No se recuerda mayor desgana y falta de entusiasmo. Al menos los amantes de la siesta podrán agradecer a Mariano Rajoy que su discurso de investidura comenzara a las cuatro de la tarde de un caluroso día de agosto. 36 folios y hora y media de inusual inapetencia en un candidato a la presidencia del Gobierno que no pudo mostrarse más gris y más plano. La modorra estaba asegurada. Tanto que venció a algunos ilustres de la tribuna de invitados. Cabezada va y cabezada viene.
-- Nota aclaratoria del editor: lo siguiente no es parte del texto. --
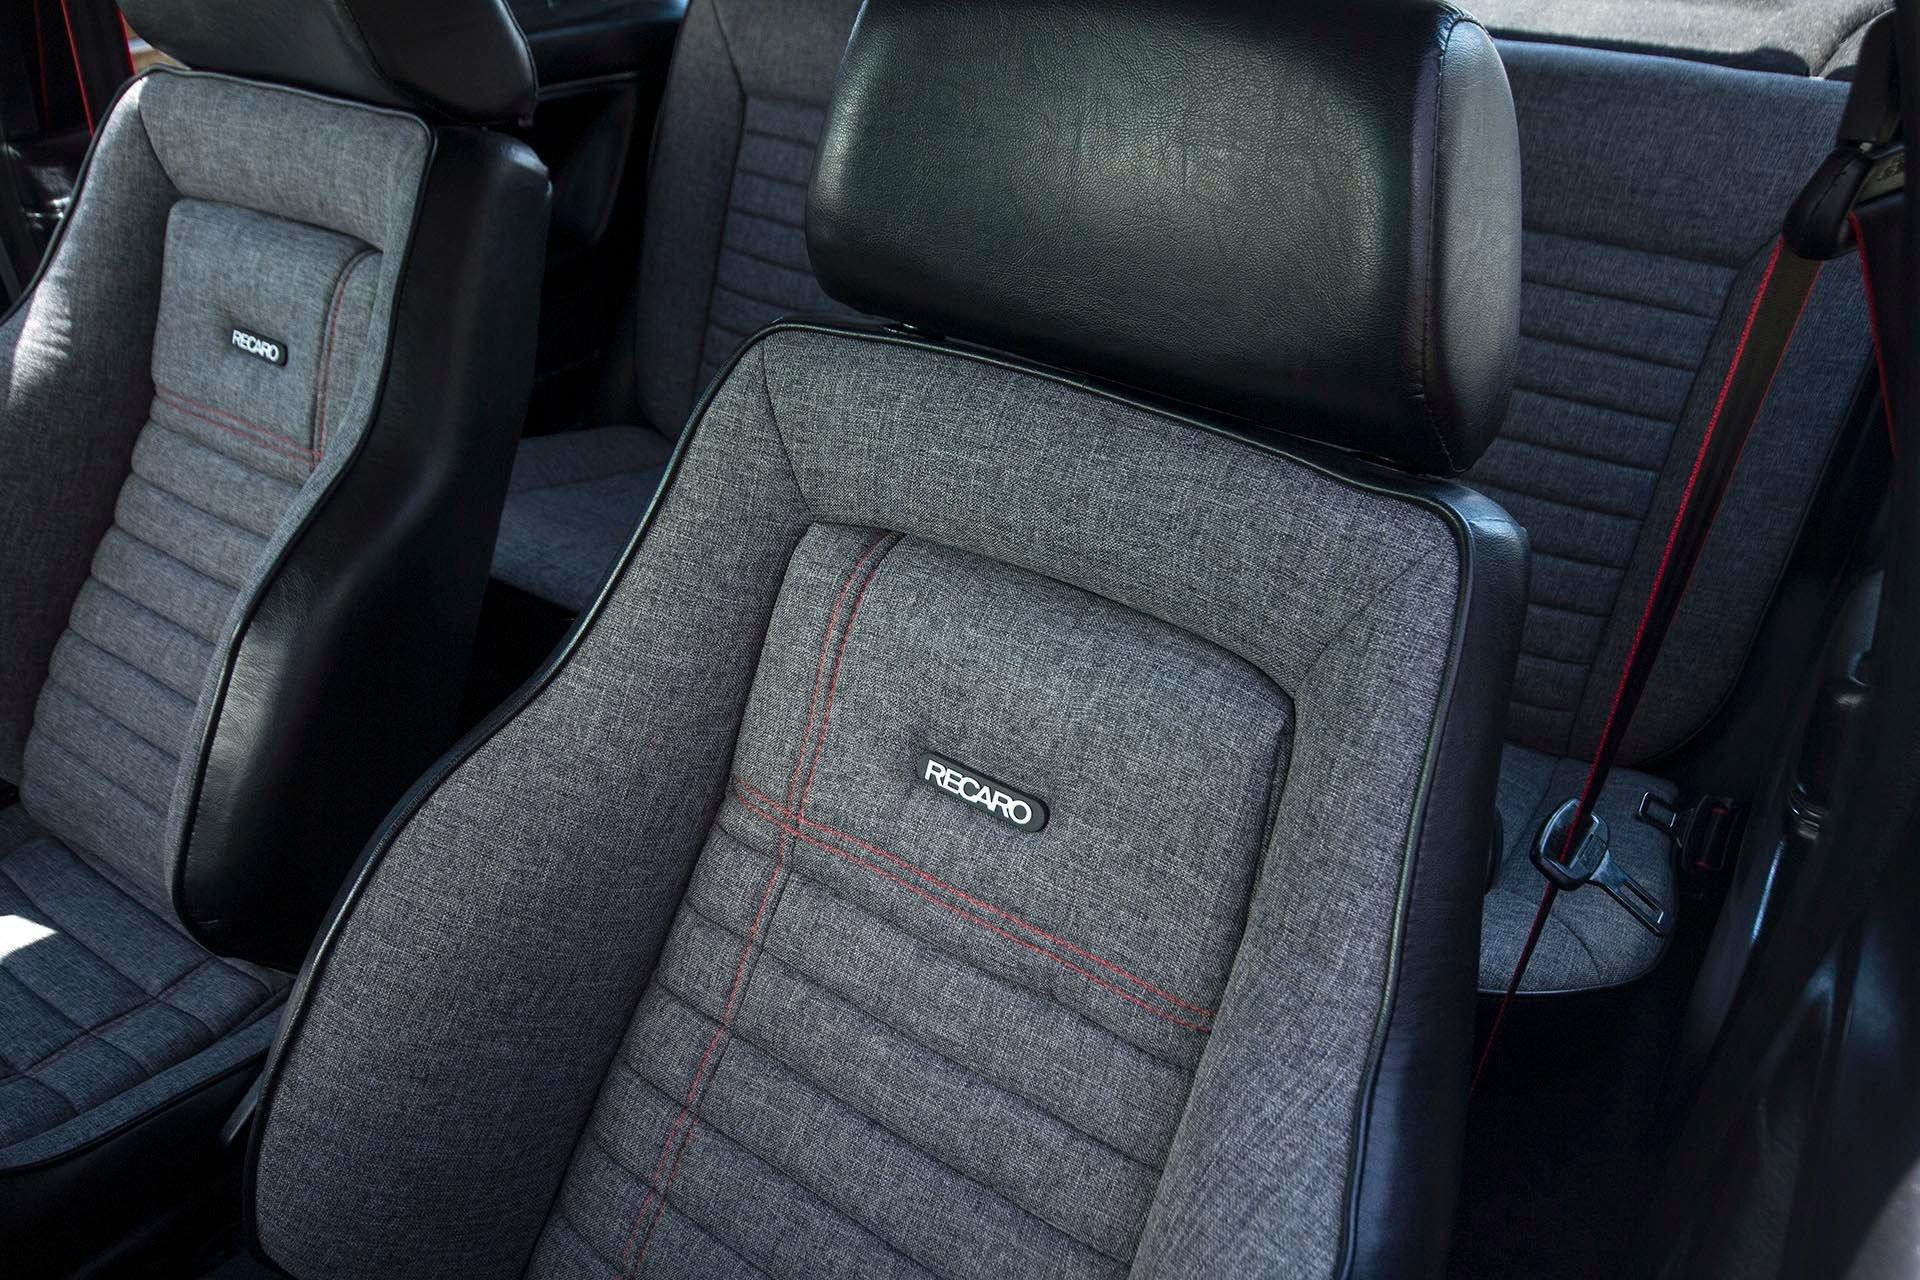 VW Mk2 Recaro Trophy custom seats

Es lo que tiene Rajoy, que no engaña. Ya dijo aquello de que “si hay que ir se va, pero ir pa ná...”. Pues fue “pa ná” y por eso quizá ni se molestó en disimular que acudía resignado. Más bien obligado por la Constitución, cuya letra pretendió sin éxito retorcer después de haber aceptado el encargo de Felipe VI. El caso es que no quiso emplearse a fondo en una intentona que sabía condenada de antemano.
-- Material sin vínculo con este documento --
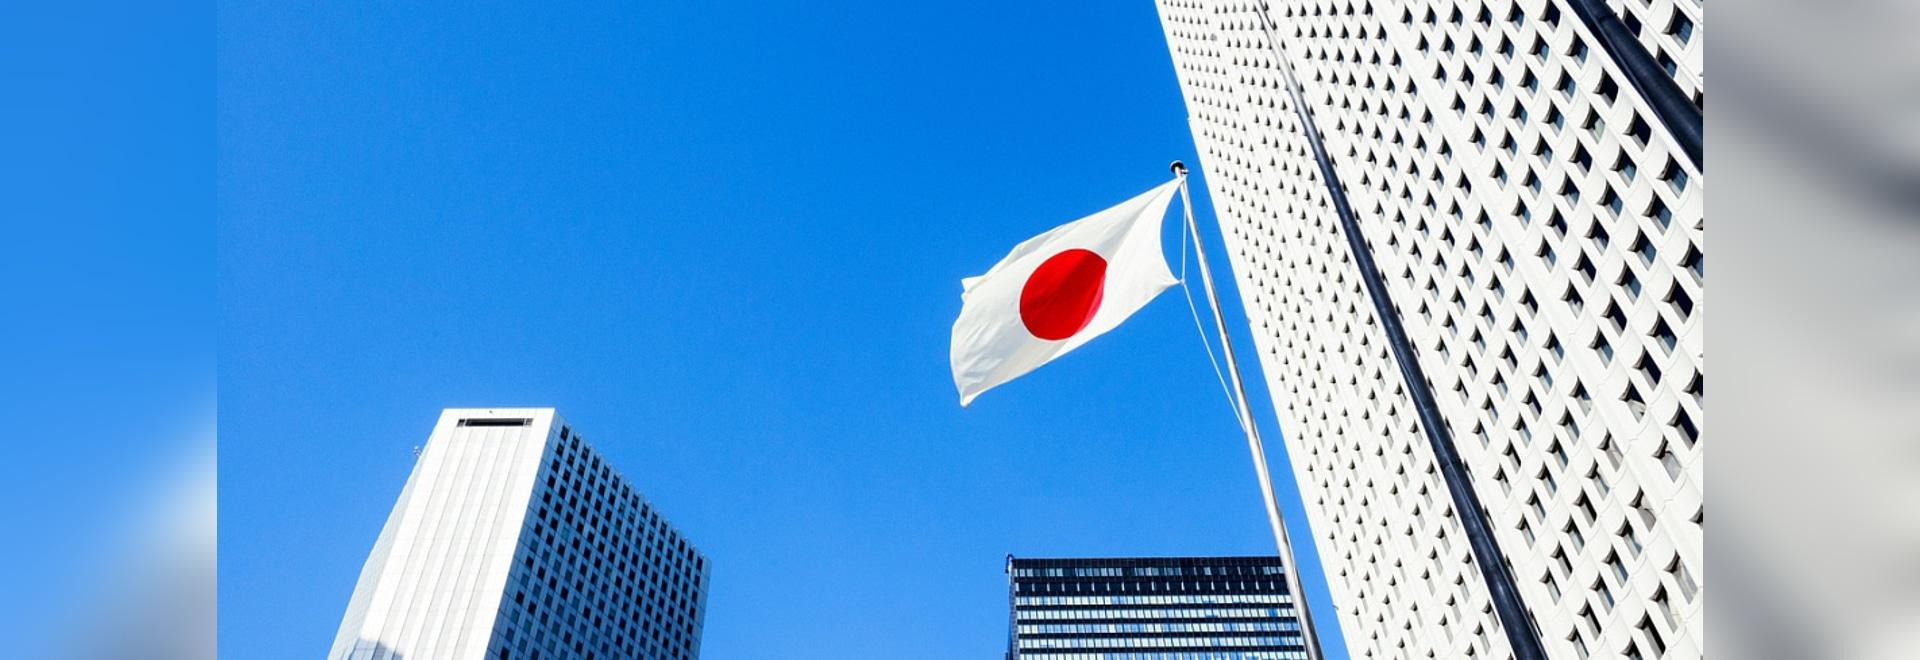 [JIMTOF 2018] Coverage of the Japan International Machine Tool Fair

Antes de subirse a la tribuna ya se había rendido a la estrategia de presionar al PSOE, al que ignoró durante todo el debate. Rajoy es muy de desdeñar al adversario, pero lo que no sabíamos es que también es capaz de despreciar con soltura al aliado. En esta ocasión a Ciudadanos, a quien castigó ostensiblemente con su indiferencia hasta el minuto 40 de su perorata como si en lugar de haberle prestado 32 votos se los hubiera robado. Ni agradecido ni pagado, Rivera es para Rajoy lo que Pablo Iglesias es para Sánchez, y lo seguirá siendo por muchos años. Sus alusiones al pacto de investidura con Rivera fueron escasas y encima las igualó con sus menciones a Coalición Canaria, como si un voto valiera lo mismo que una treintena.
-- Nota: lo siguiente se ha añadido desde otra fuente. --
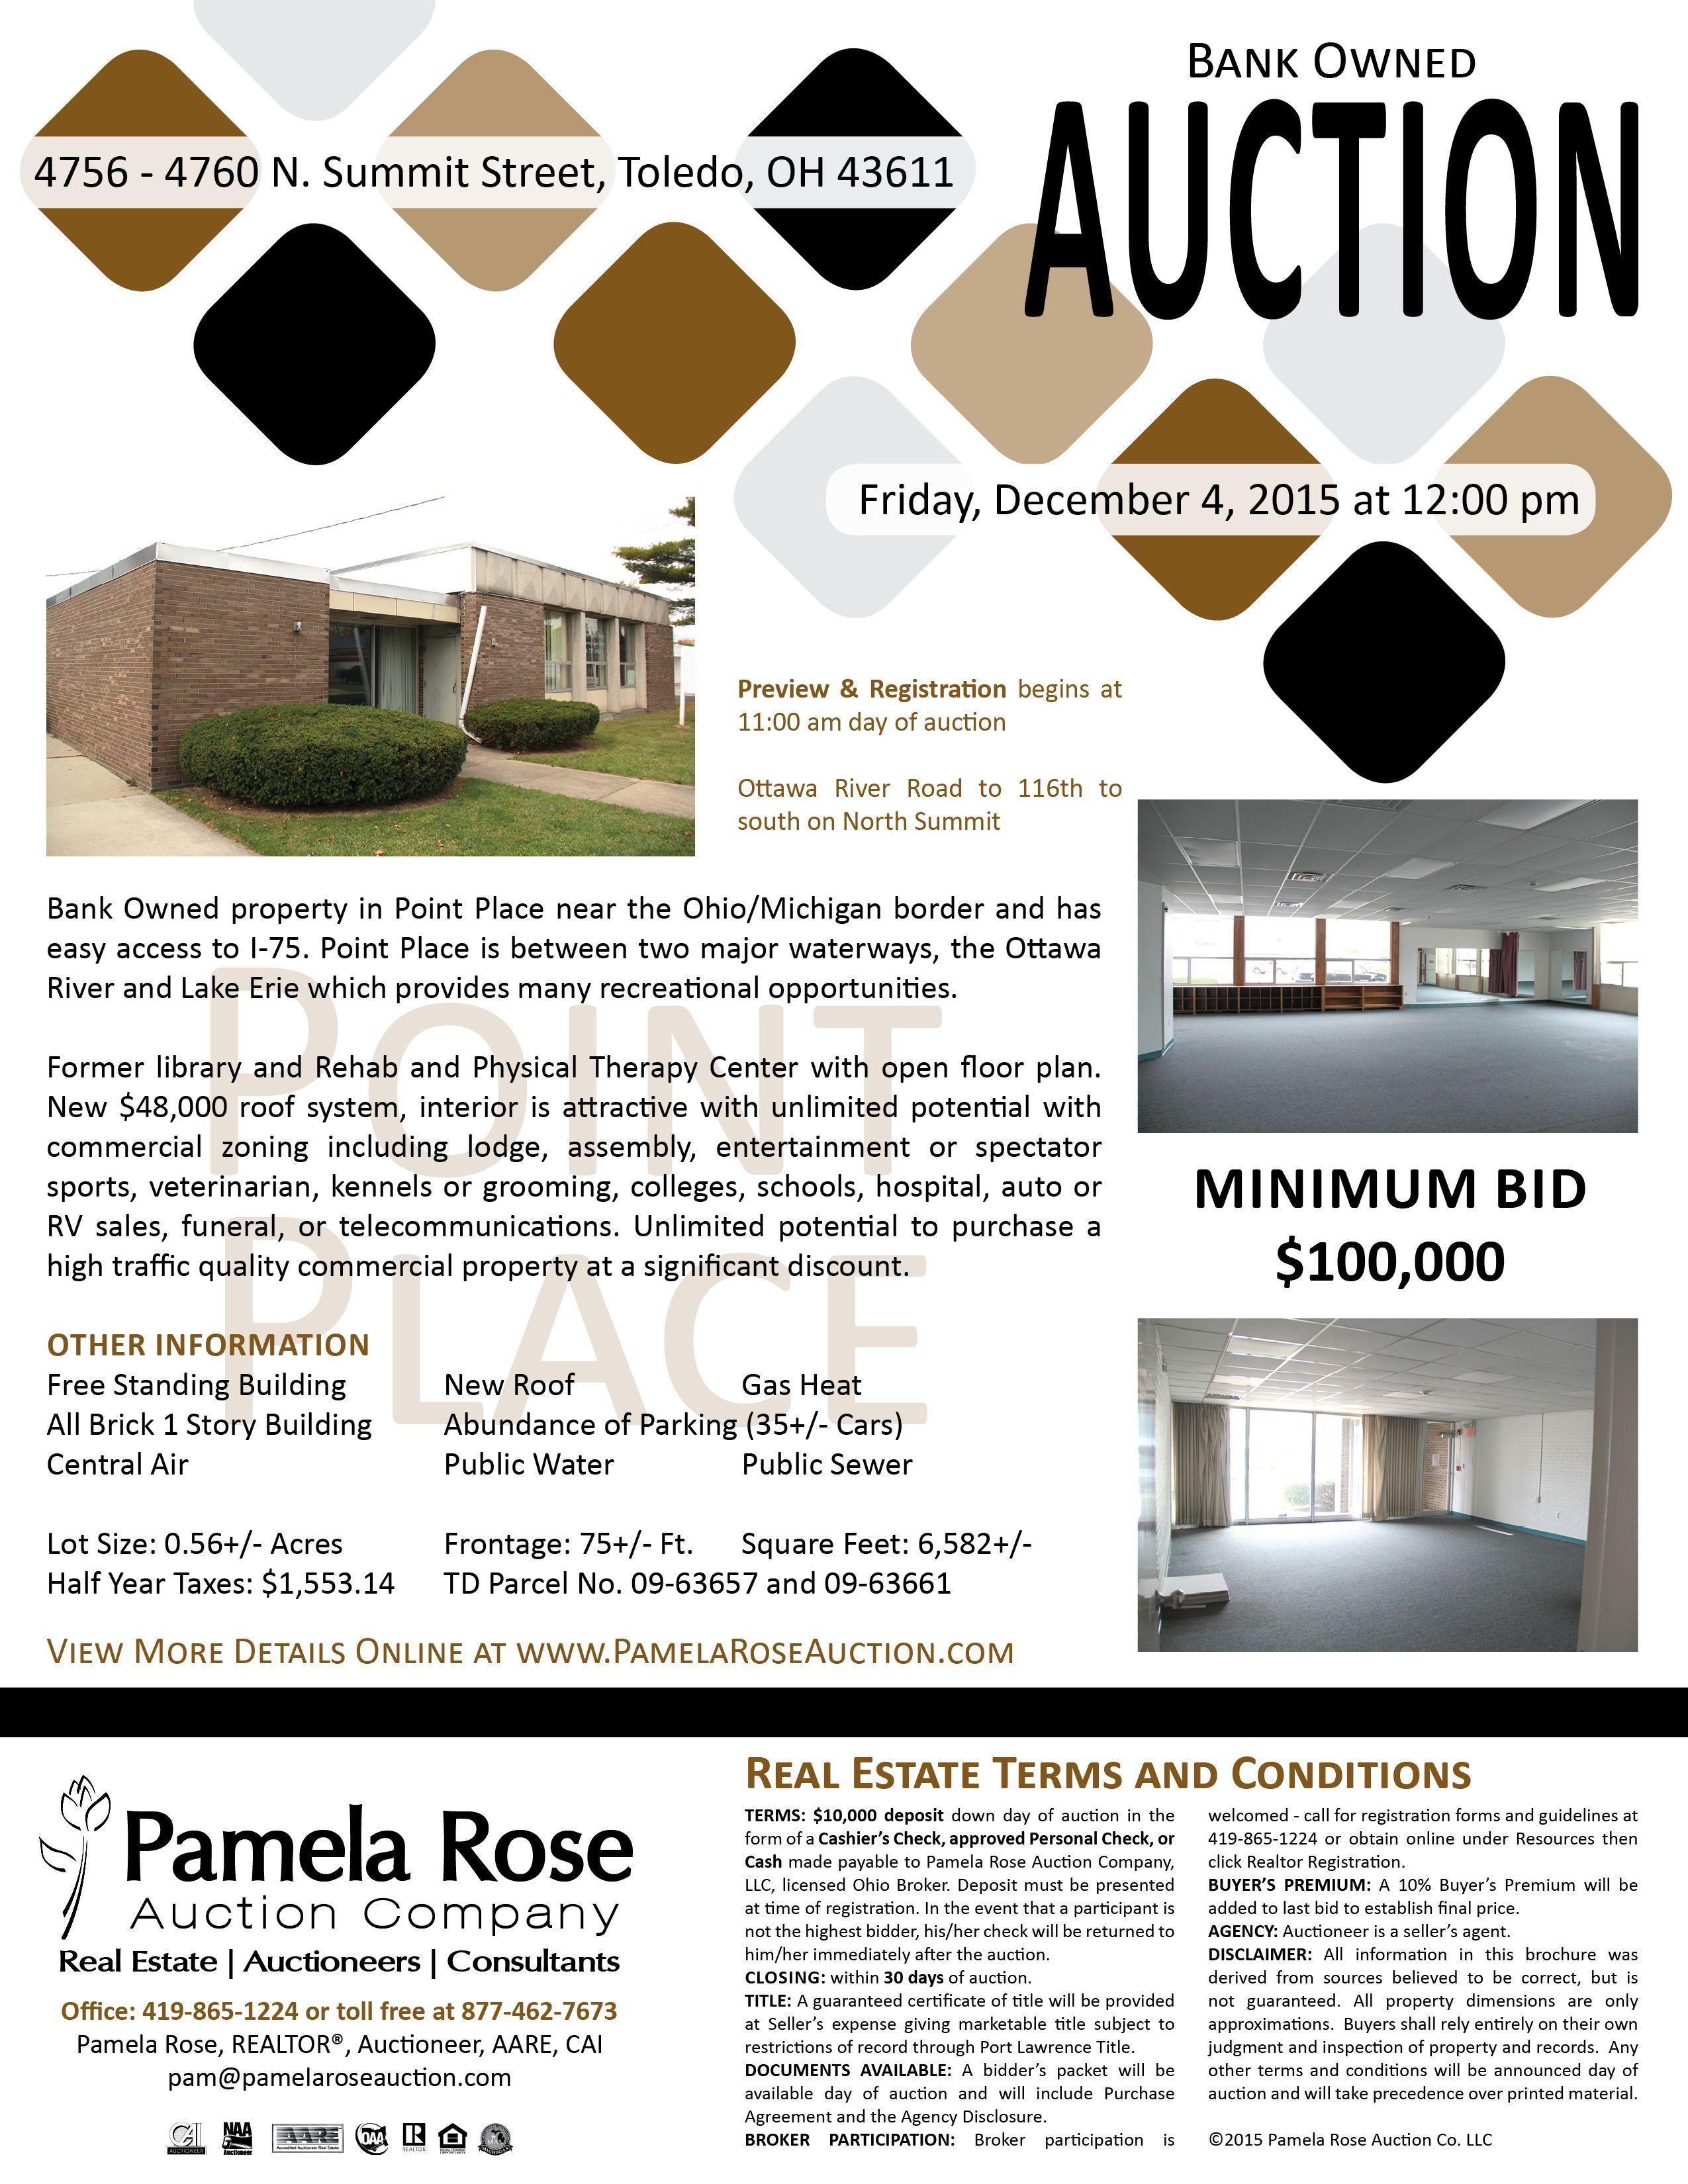 Bank owned auction minimum bid 100000 at 47564760 n

Con todo, lo que más sorprendió es que Rajoy dinamitara el último puente que le quedaba para ser investido después de las elecciones vascas en caso de que el PNV necesite al PP en el Parlamento de Vitoria y se preste a canjear el apoyo de sus cinco diputados en Madrid por el auxilio de los populares en Euskadi. Como el presidente en funciones tenía pocos frentes abiertos, decidió abrir otro con una intervención en la que recurrió a La Pepa de 1812, una Constitución que las Juntas Generales no aceptaron nunca. “Tiene bemoles”, que diría Aitor Esteban.
Pues eso. Que si la comunión de PP-Ciudadanos con PNV se antojaba ya complicada por la a priori incompatibilidad entre los naranjas y los nacionalistas vascos, Rajoy se apresuró a hacer saltar por los aires el último puente que le quedaba. Quizá todo discurrió así porque alguien más que el PSOE de Pedro Sánchez trabaja ya en la pantalla de las terceras elecciones, y desde luego ni es Rivera ni es Pablo Iglesias.
Prepárense porque esto va de que el turrón de 2016 nos lo comemos en las urnas. La tercera convocatoria empieza a ser una posibilidad bastante real. ¿Con los mismos candidatos? Si tuvieran vergüenza, se irían todos a casa.